What you should do
In the entries below, find the line with "Фото здорового коленного" and the line with "7.65 Pear Cut". Print those two and everything between them exactly, and nothing else.

====== Extracted entries

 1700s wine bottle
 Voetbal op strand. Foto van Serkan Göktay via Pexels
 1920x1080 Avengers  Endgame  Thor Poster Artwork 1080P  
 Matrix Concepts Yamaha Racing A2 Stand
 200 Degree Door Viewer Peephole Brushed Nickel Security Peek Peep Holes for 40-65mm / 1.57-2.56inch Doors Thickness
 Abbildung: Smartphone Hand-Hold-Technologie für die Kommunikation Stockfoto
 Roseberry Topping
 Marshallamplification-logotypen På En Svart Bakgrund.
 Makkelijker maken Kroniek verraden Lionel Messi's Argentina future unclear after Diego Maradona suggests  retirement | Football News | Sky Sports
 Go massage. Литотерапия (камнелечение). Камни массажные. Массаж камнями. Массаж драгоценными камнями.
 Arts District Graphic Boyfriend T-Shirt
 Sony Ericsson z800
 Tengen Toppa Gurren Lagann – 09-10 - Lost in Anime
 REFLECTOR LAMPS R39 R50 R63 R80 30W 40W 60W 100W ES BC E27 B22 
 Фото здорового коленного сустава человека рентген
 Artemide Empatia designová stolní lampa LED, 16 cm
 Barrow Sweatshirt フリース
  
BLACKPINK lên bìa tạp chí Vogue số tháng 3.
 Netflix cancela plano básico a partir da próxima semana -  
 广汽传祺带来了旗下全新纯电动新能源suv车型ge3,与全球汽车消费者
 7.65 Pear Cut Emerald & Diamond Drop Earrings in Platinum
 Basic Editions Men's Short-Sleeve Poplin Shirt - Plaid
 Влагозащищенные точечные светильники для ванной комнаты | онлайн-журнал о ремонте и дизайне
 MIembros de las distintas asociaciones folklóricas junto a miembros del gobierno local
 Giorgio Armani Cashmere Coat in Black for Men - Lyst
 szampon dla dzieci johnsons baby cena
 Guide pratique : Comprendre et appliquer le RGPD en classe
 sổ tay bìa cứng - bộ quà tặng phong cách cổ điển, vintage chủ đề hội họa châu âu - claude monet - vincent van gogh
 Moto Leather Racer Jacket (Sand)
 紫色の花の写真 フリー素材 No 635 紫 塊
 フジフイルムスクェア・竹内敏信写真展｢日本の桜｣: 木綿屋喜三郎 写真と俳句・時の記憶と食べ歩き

============

Answer below
 Фото здорового коленного сустава человека рентген
 Artemide Empatia designová stolní lampa LED, 16 cm
 Barrow Sweatshirt フリース
  
BLACKPINK lên bìa tạp chí Vogue số tháng 3.
 Netflix cancela plano básico a partir da próxima semana -  
 广汽传祺带来了旗下全新纯电动新能源suv车型ge3,与全球汽车消费者
 7.65 Pear Cut Emerald & Diamond Drop Earrings in Platinum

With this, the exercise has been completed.